Nils Frahm moved into Saal 3 which was originally designed for classical chamber music, renovated, rewired the premises and built a new mixing console. The CD/LP cover and booklet beautifully showcase the wood-panelled premises, the parquet flooring, the control room, the recording room containing all the instruments played on the album and even the original reverb chamber which was used throughout to create a natural reverberation.
All Melody
The music heard on All Melody is therefore closely associated with the physical location and space it was recorded in. The album was conceived in Berlin, a much quieter city than New York for instance in the musician’s own words, and entirely recorded in a historical building with a unique acoustic environment. The recording room itself becomes the storage space for Nils Frahm’s eclectic assortment of vintage instruments – a reconditioned toy piano, a pipe organ, a harmonium and his various pianos or synthesisers.
Everything you hear on this record has been recorded specifically for this occasion. It is all played or made with real things.
Like a jazz album, all tracks on All Melody were recorded in one take.

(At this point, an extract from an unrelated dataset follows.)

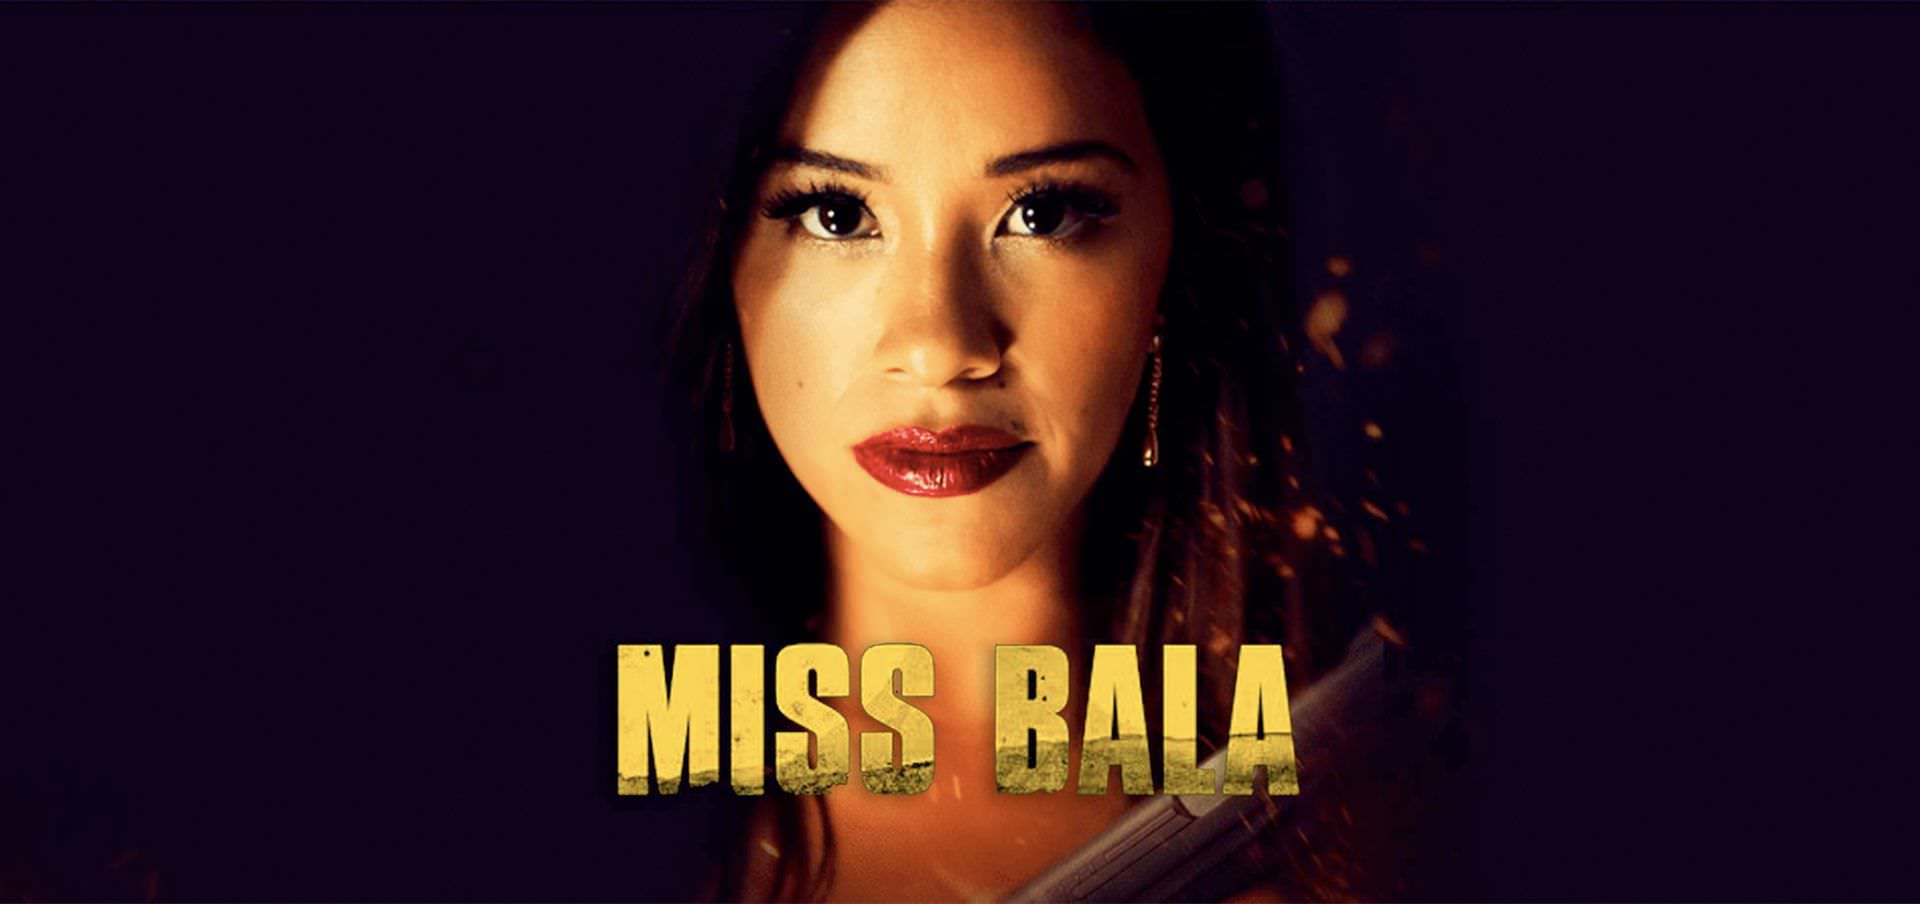 فیلم Miss Bala

Each track is essentially a live performance which sees the musician standing with all his gear and instruments around him, sometimes looking like a pilot landing a Boing 747. This physical attachment to “real” instruments not only stems from a perfectionist desire to re-discover the natural quality of acoustic and analogue sound, it can also be seen as an attempt to counterbalance the current and dominant clutter of digital technology – in musical terms of course, but also as a disruptive force in society.

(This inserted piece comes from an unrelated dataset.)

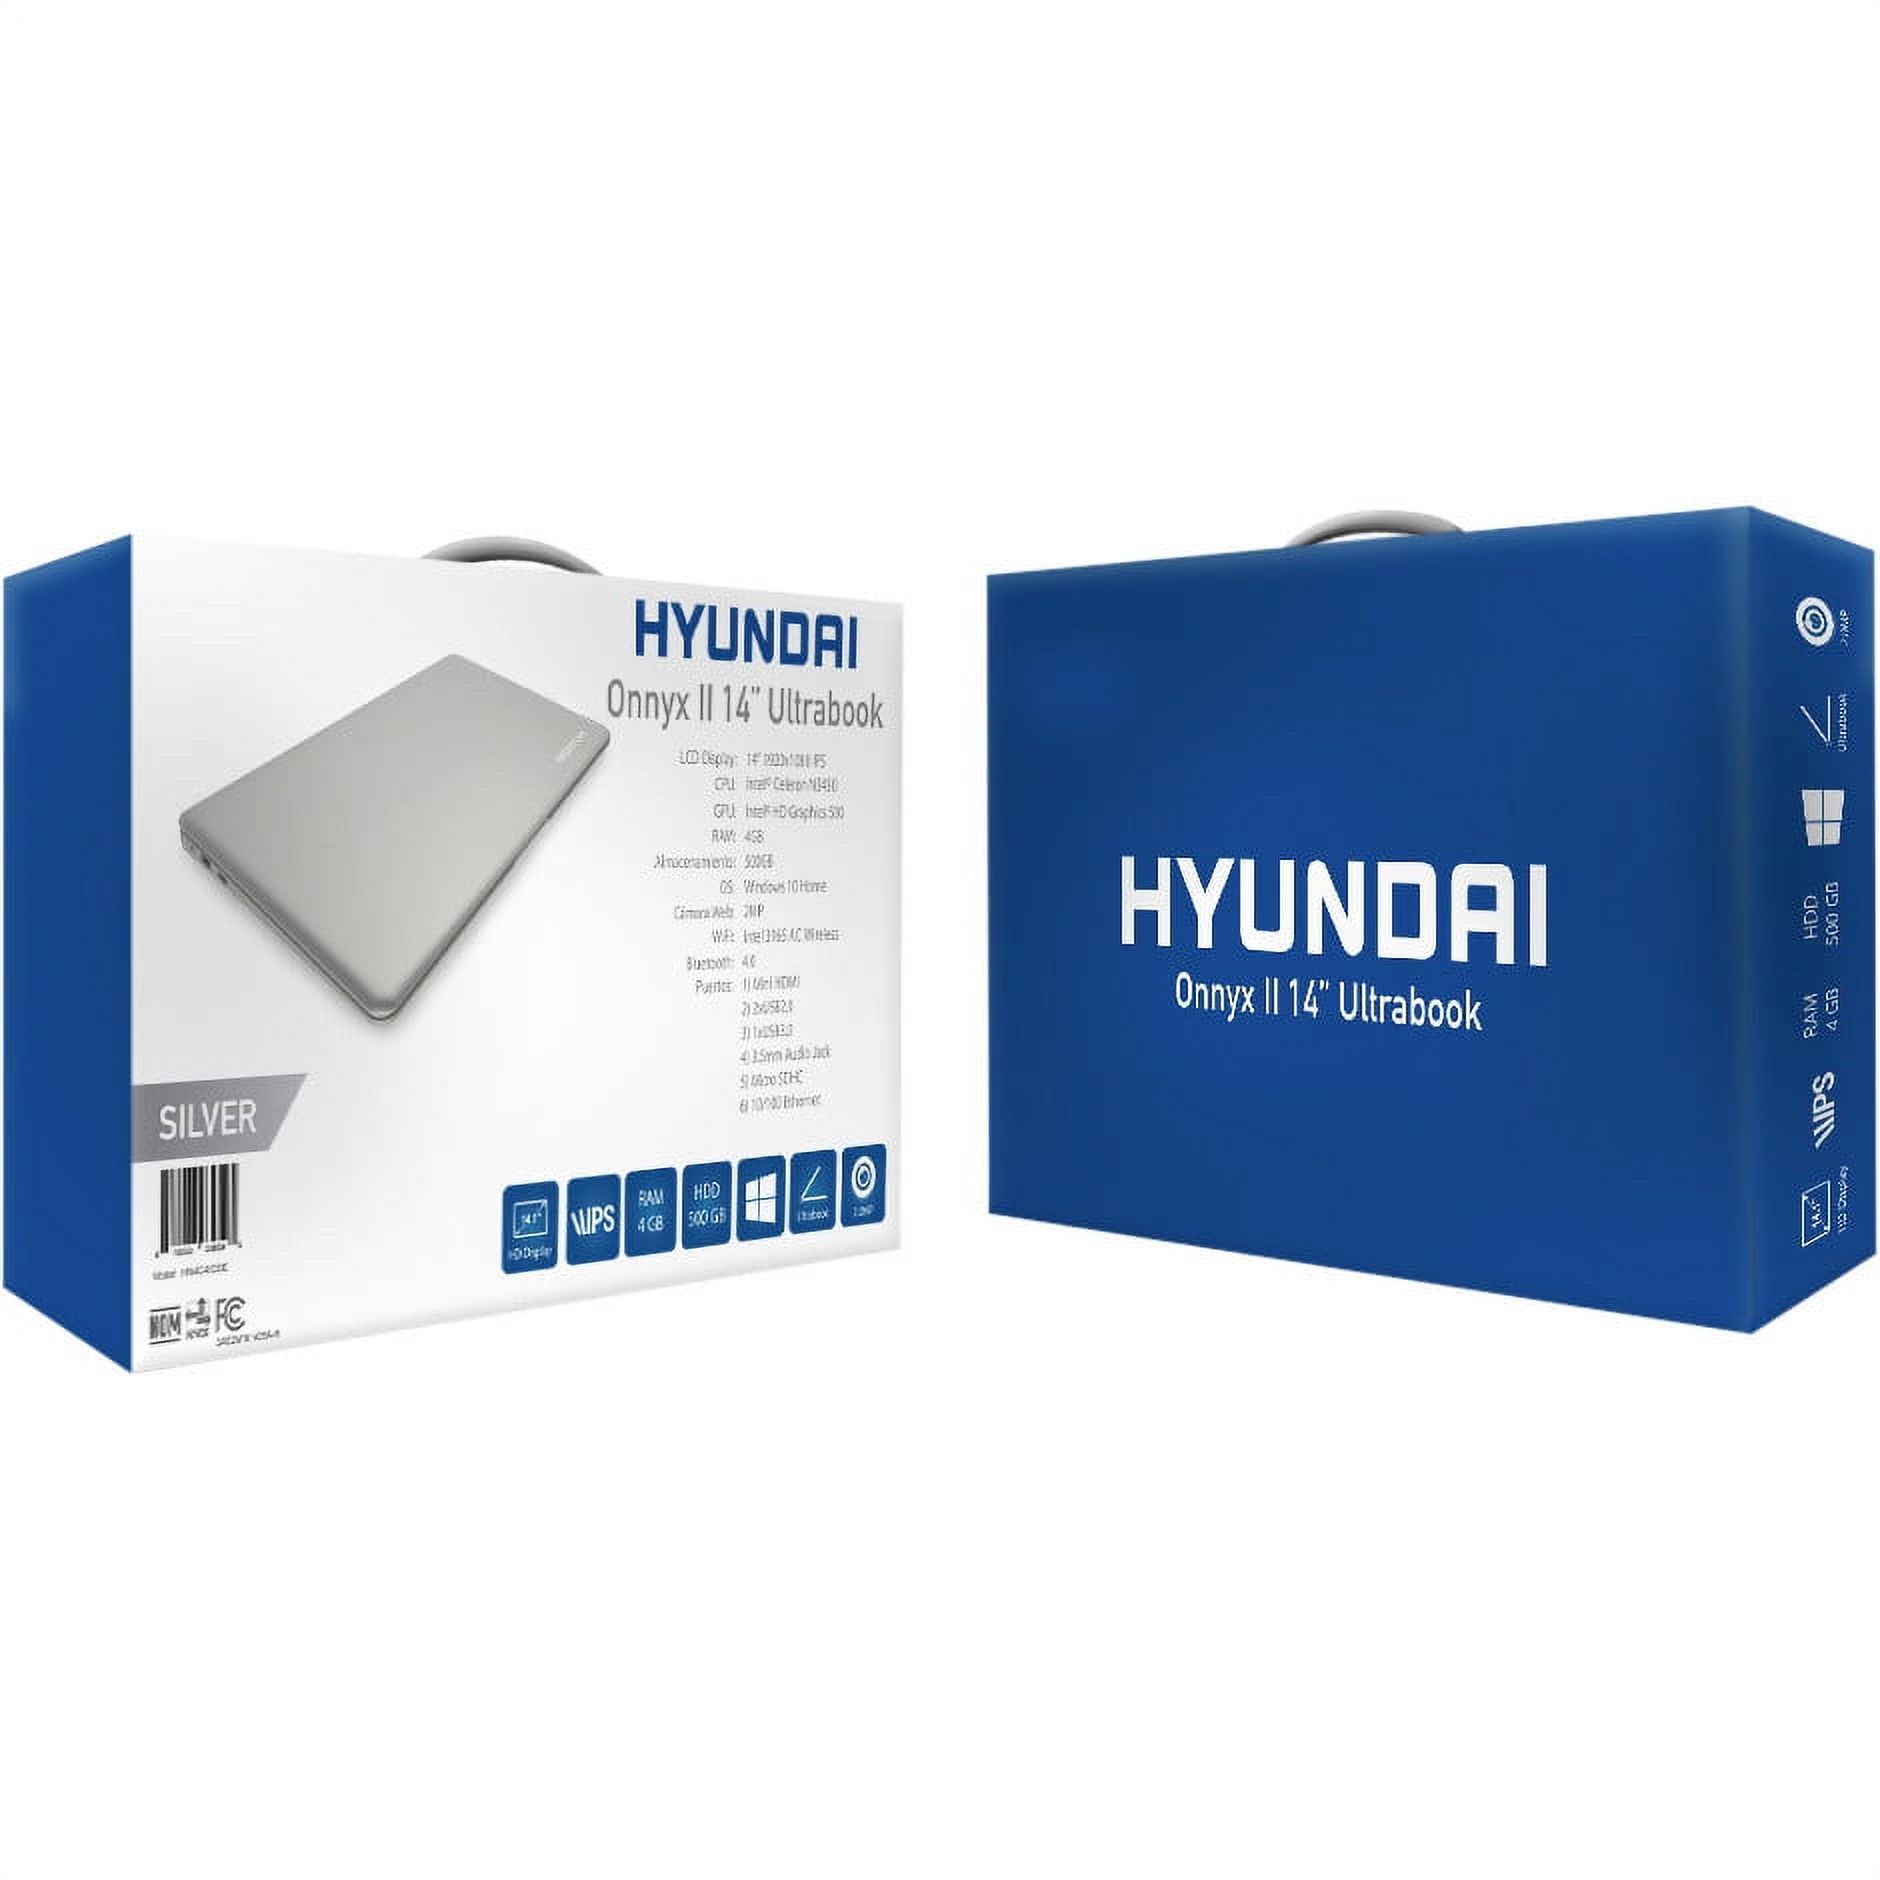 Hyundai Thinnote 14.1” Intel Pentium Ultrabook with Metallic Case - image 2 of 5

The piano remains prominent (“My Friend the Forest” or “Forever Changeless”) and so is the pipe organ which is used as a percussive instrument in the dizzying crescendo of “Kaleidoscope”. But in a major departure from previous keyboard-based albums like Spaces, All Melody features a wide range of instruments and guests, thus expanding significantly the musician’s sonic palette.
It surprisingly opens with the sound of human voices on “The Whole Universe Wants to be Touched”. “Shards”, a 12 piece British choir ensemble was set up for the occasion and provides a recurring melodic theme on several subsequent tracks. Unexpectedly again, Robert Koch’s keening trumpet introduces “Human Range” and “Fundamental Values”. The album also features Anne Müller’s cello, the bass marimba of Sven Kacirek or the innovative percussions of Tatu Rönkkö among others.
Encores 1
Only twelve of the sixty odd tracks recorded during the All Melody sessions made it to the final mix. Meant as a companion to the initial record and released as a vinyl EP on 1 June 2018 last, Encores 1 adds five acoustic tracks to the Nils Frahm canon and hints at more to come in the near future.
The EP privileges contemplative piano, especially on the heartfelt “The Roughest Trade” and “The Dane” while the harmonium is given a chance to shine (and resonate) over the 11 minute long “Harmonium in the Well” where the well refers to a forgotten dry well located on the island of Mallorca which the musician used as another natural reverb chamber.